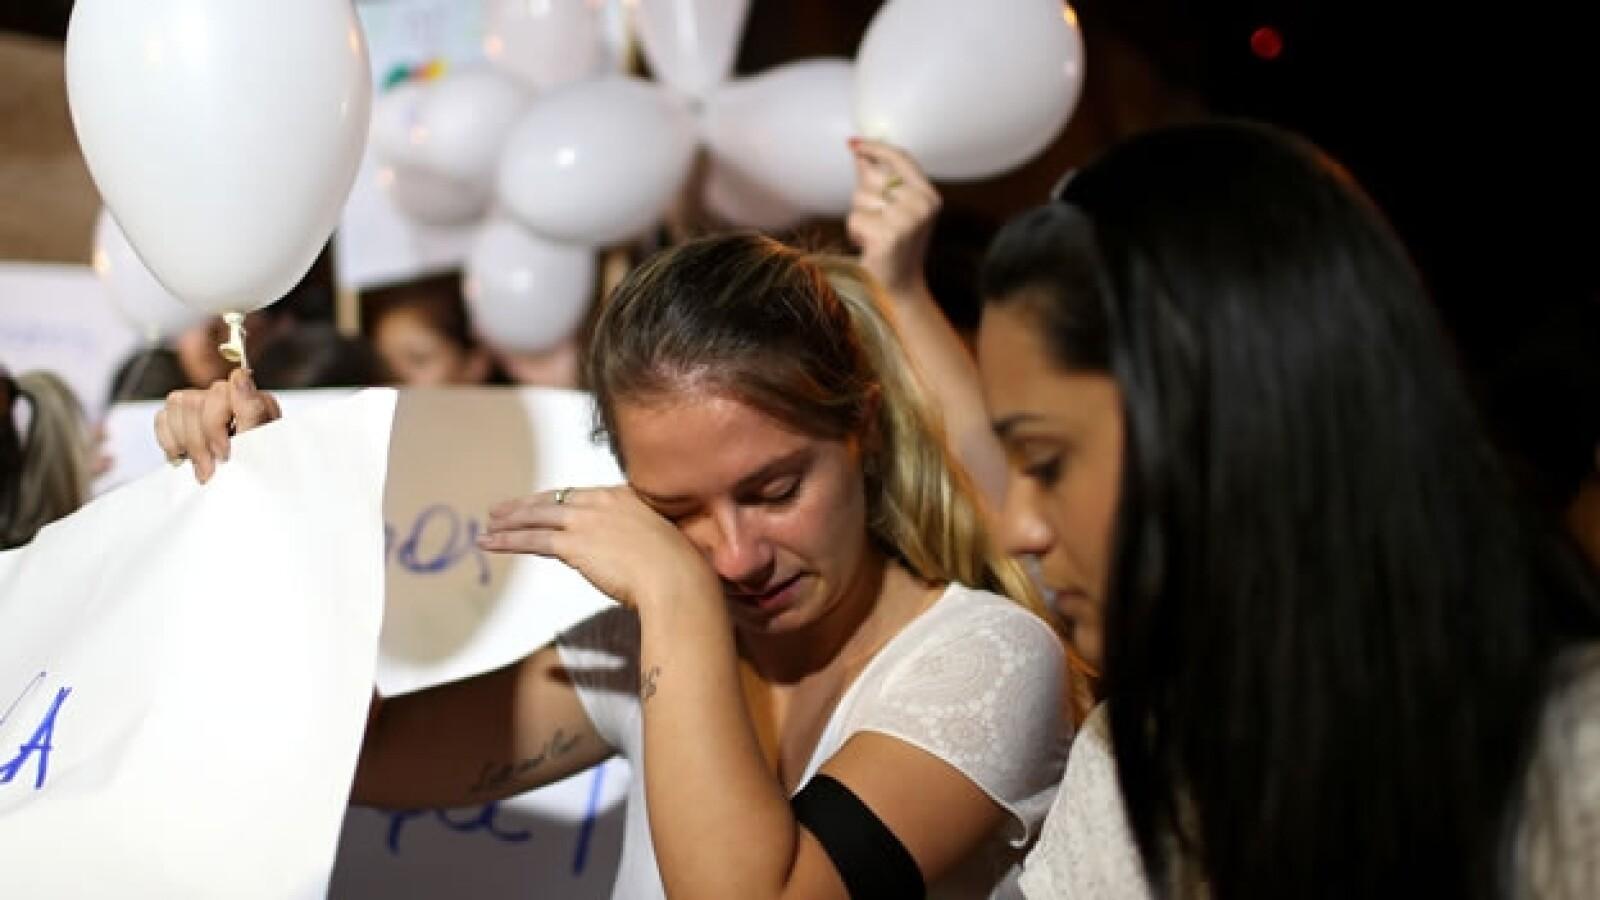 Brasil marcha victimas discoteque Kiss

...

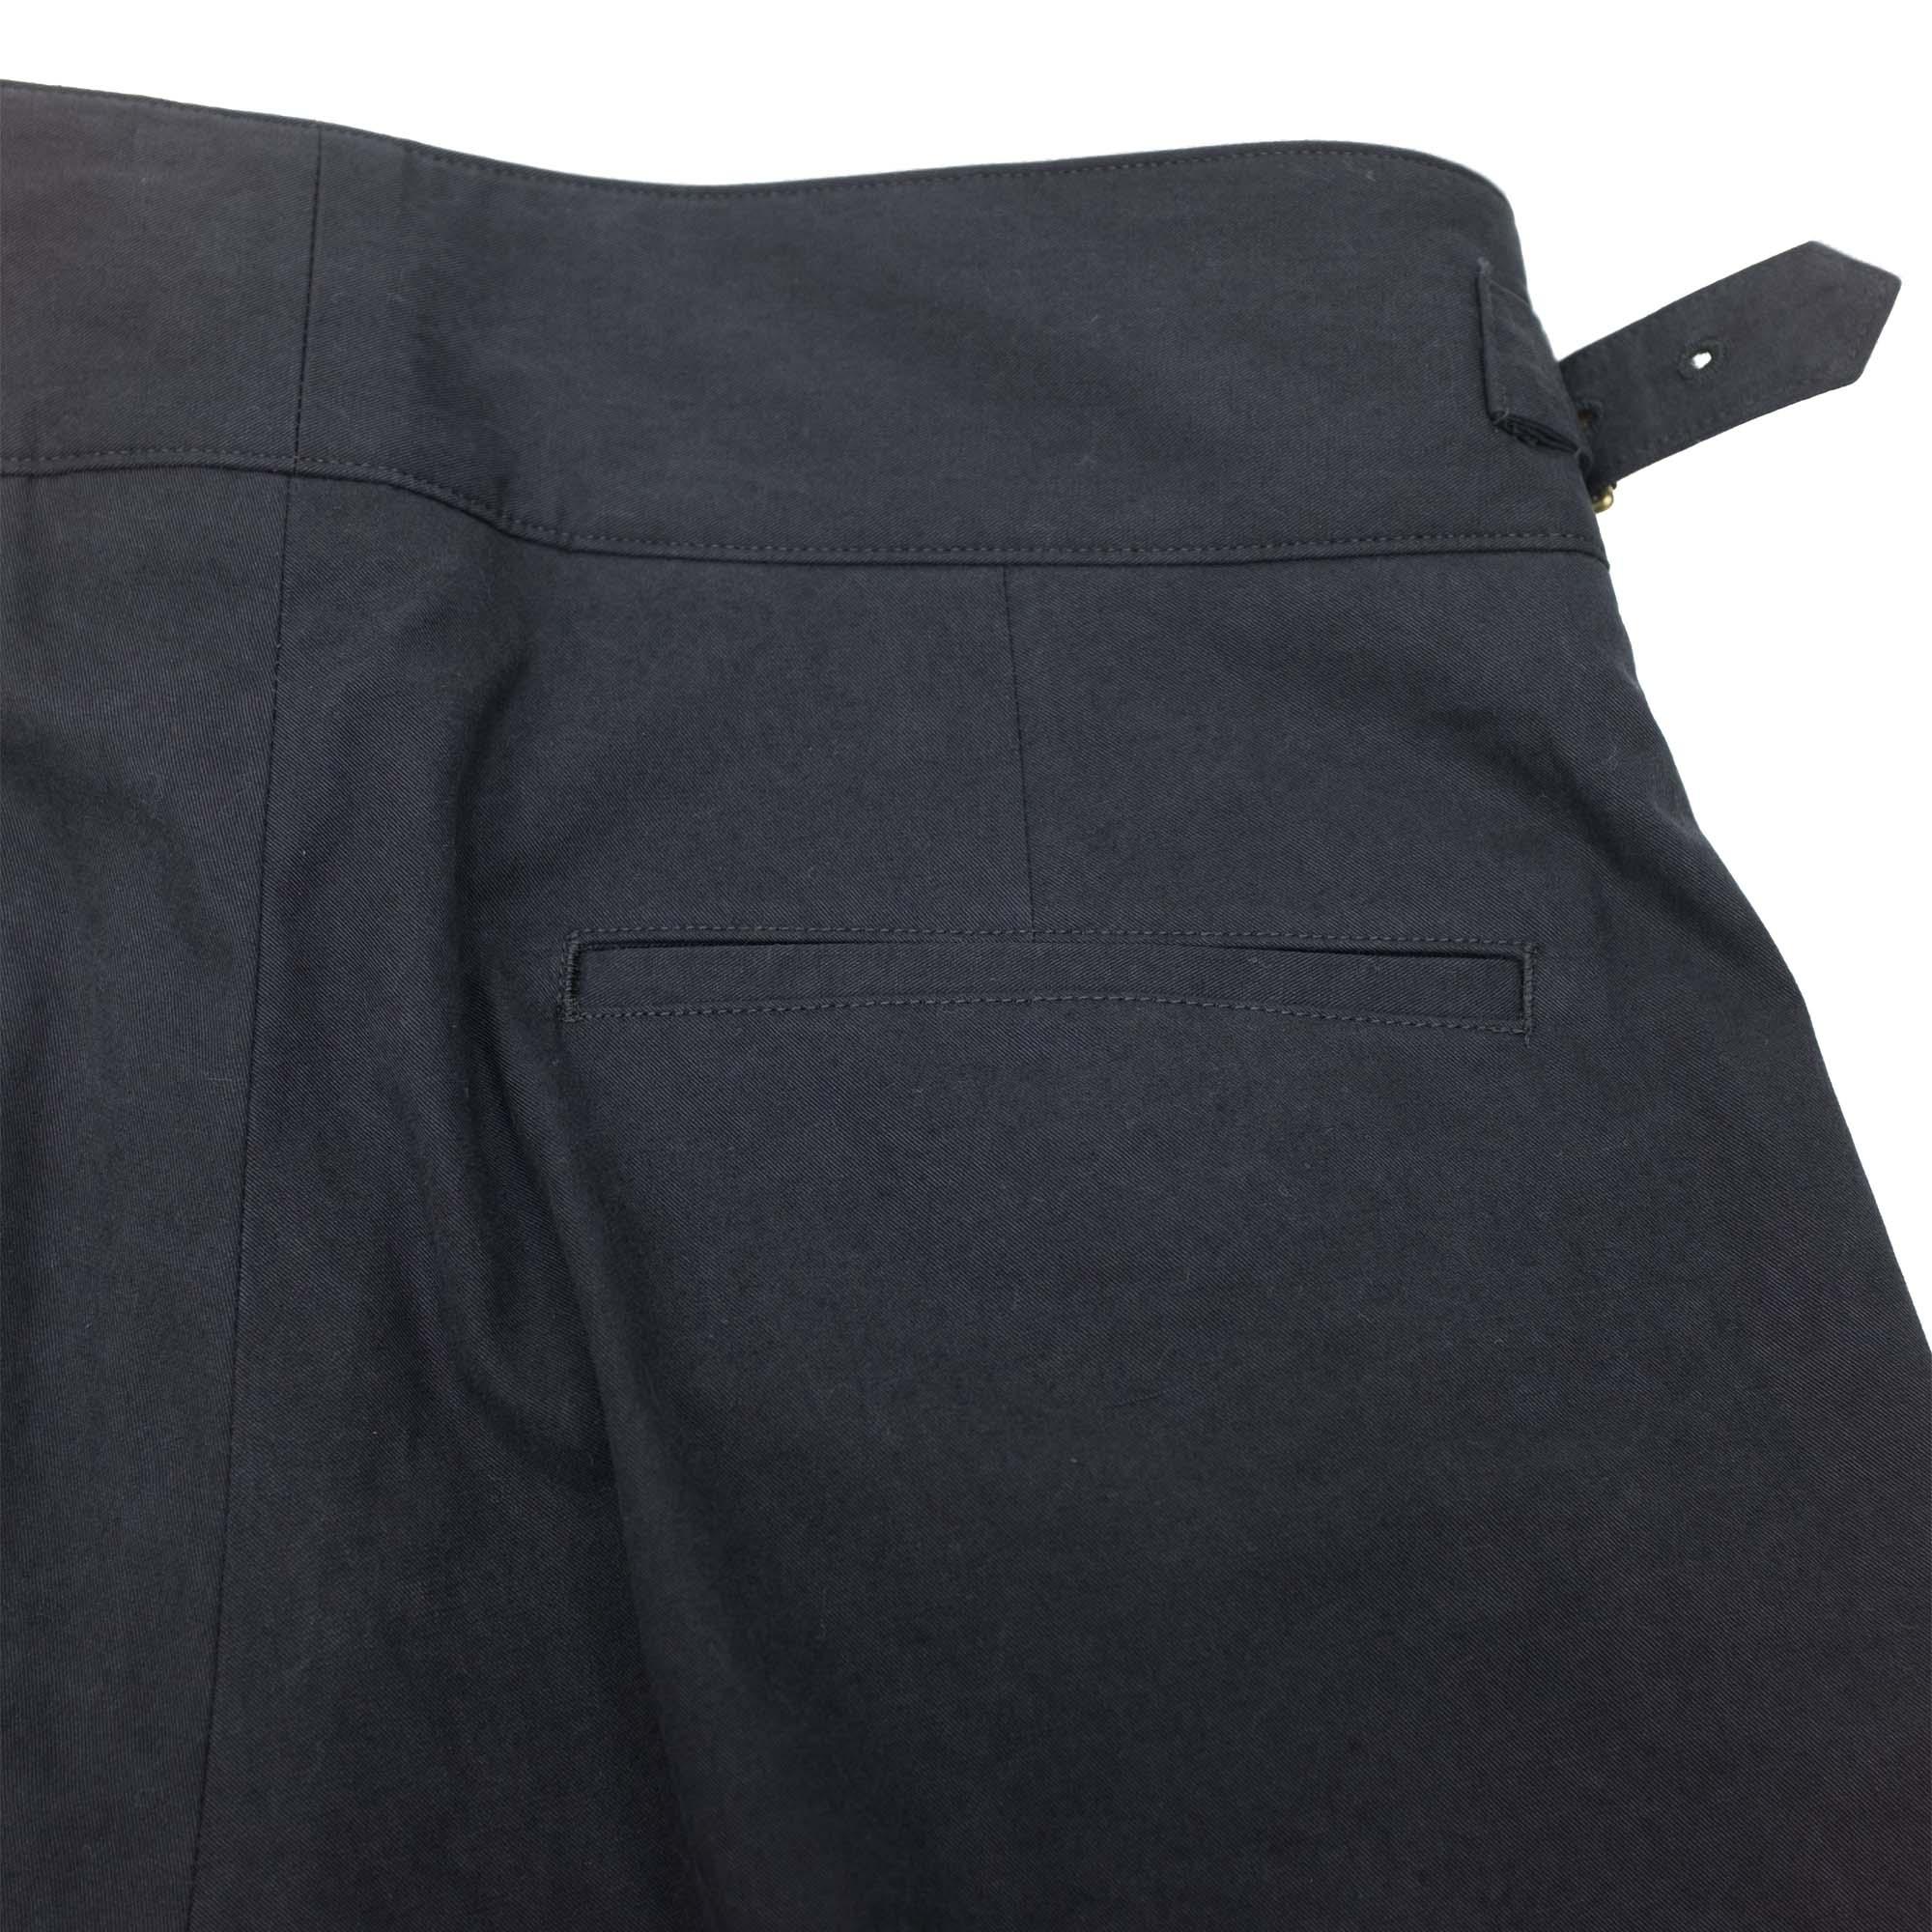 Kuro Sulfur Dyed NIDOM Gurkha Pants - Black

* * *

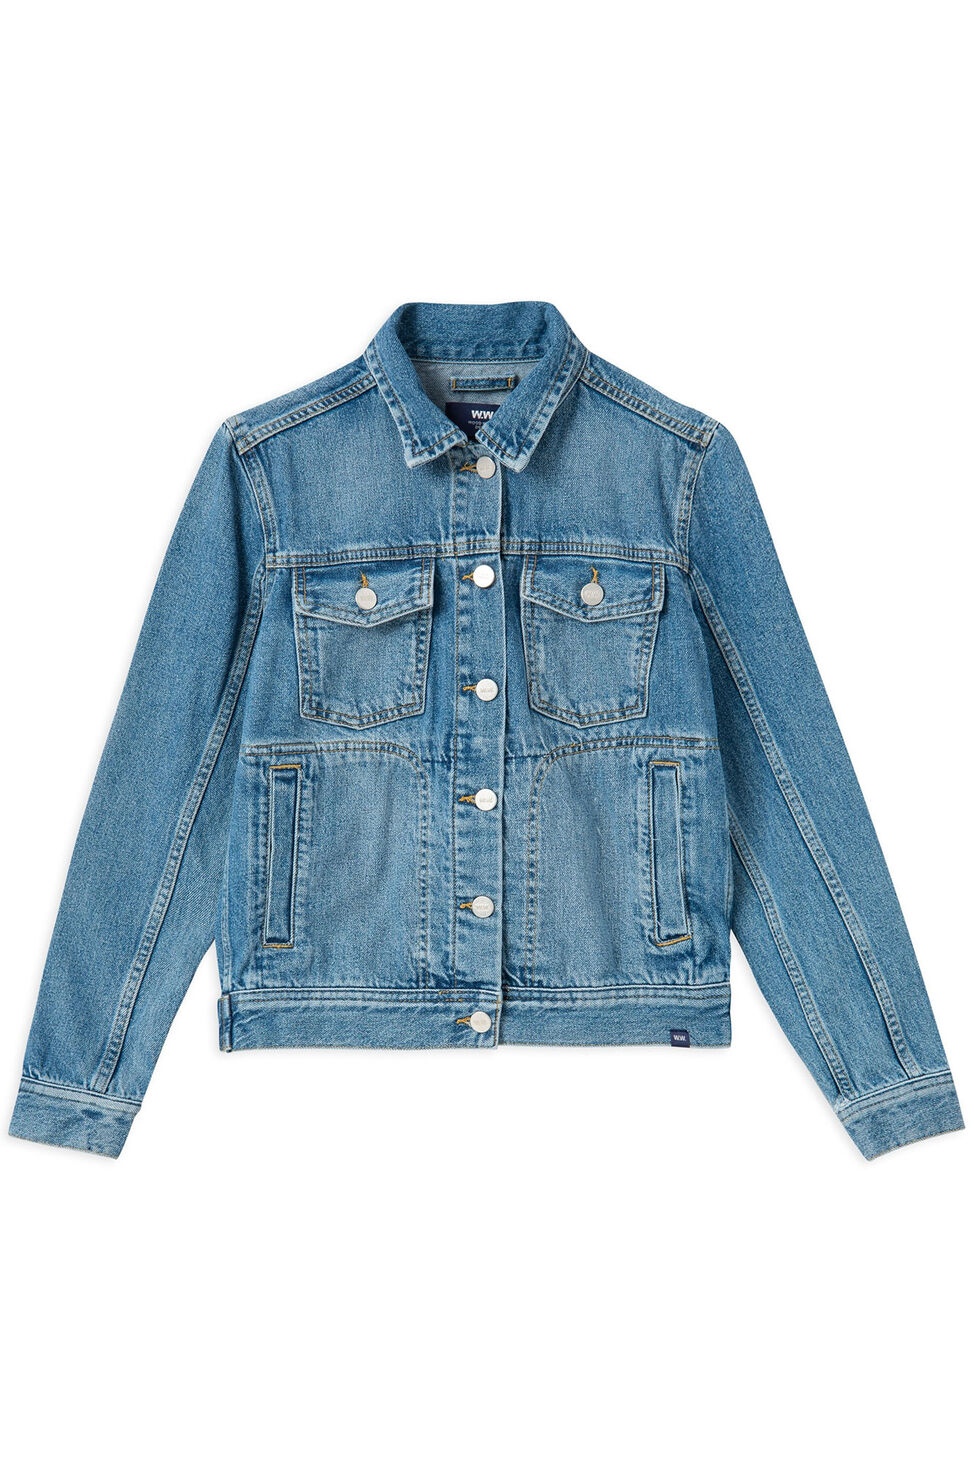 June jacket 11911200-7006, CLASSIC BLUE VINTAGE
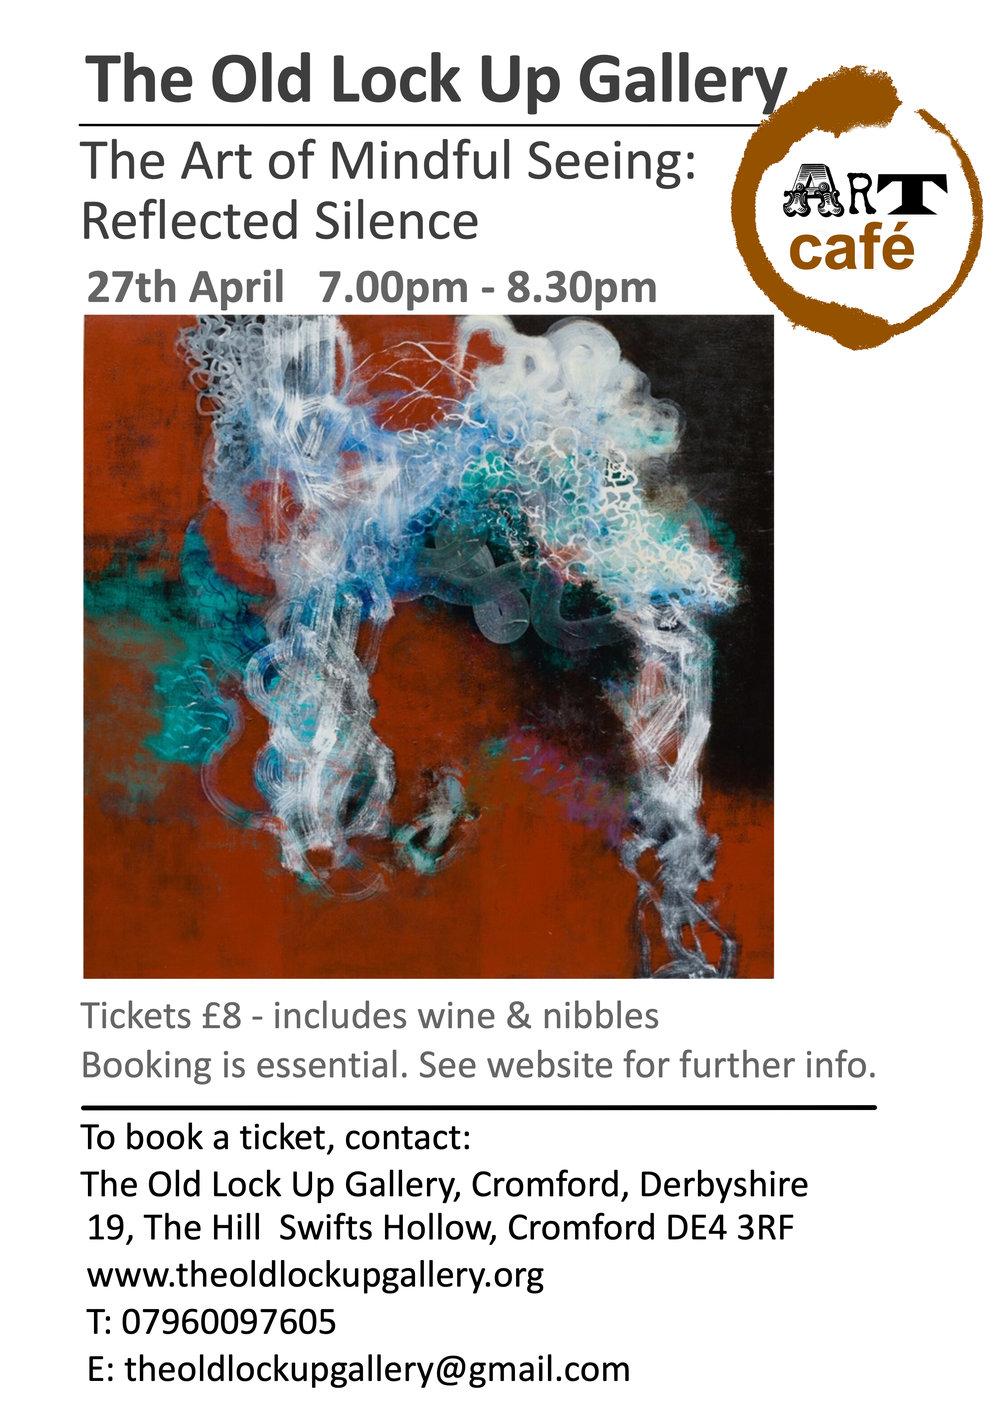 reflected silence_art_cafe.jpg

*Exercise prompt*
All that is wanted is the lines above between the one containing "June jacket 11911200-7006, CLASSIC" and the one containing "reflected silence_art_cafe.jpg", inclusive, restated word for word, with pictures omitted.

*Answer space*
 June jacket 11911200-7006, CLASSIC BLUE VINTAGE
 reflected silence_art_cafe.jpg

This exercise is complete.